[antlr-interest] simple query language EBNF

Tue Jan 1 09:45:18 PST 2008

Did you succeed?
I see at least the following problem with your grammar: WS is to be hidden
from the parser ...

WS  
    :    (' '|'\t'|'\r'? '\n')+ {$channel=HIDDEN;} ;

... but you use it in your rules, e.g.

fromSpec returns [IDateRange result]
    : FROM WS SPECTEXT

The rule should instead be

fromSpec returns [IDateRange result]
    : FROM SPECTEXT

For the rest, I would say that you do NOT want "everything behind the
keyword" - at least that would be a very bad language design (have you done
language design for a few languages already??).
A good language should allow the human reader to understand where the
boundaries between "parsed text" and "non-parsed text" are - therefore you
would design the language e.g. so that the "raw text" is embedded in some
delimiters:

from    <LastMonth MultipliedBy 3>
filter  <WeekDays>
filter  <Not Holidays>
set     <EachDay 8-hours>
with    <Expectations>

But no! - you'll exclaim at this ... my users can readily find out the
boundaries by ... what?

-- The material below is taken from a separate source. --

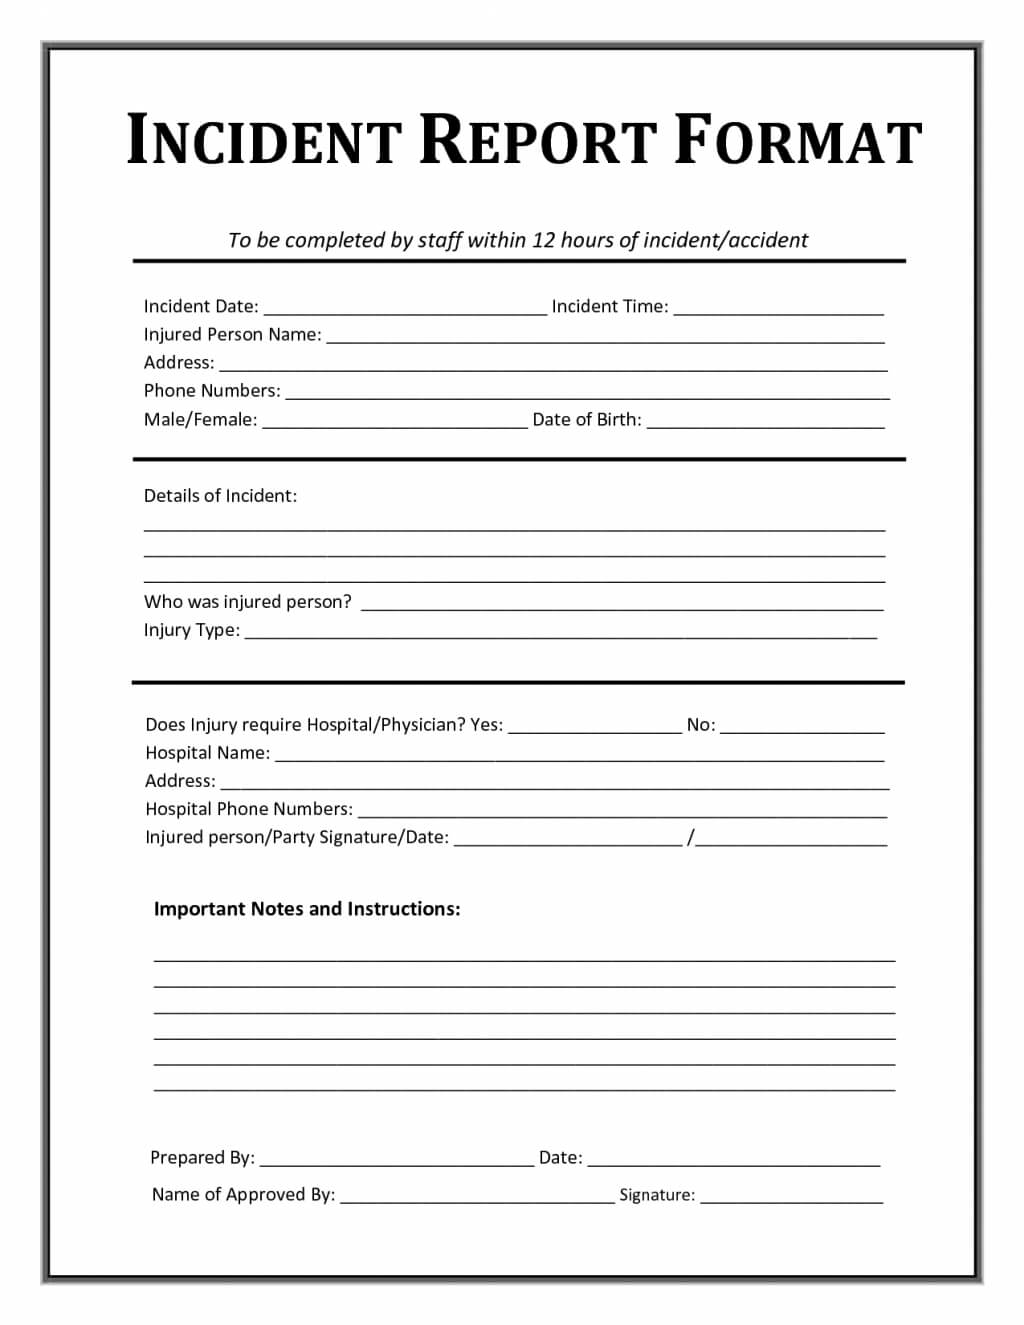 Incident Report Form Template Microsoft Excel Templates For Hazard Incident Report Form Template

Maybe it's the newlines? - is the following ok??

from    LastMonth MultipliedBy 3 filter WeekDays filter Not Holidays set
EachDay 8-hours with Expectations

If it is not, then you have at least an "end delimiter", and you can define
a symbol 
    REST_OF_TEXT : ~NL NL ; 
where NL is your definition of an NL character.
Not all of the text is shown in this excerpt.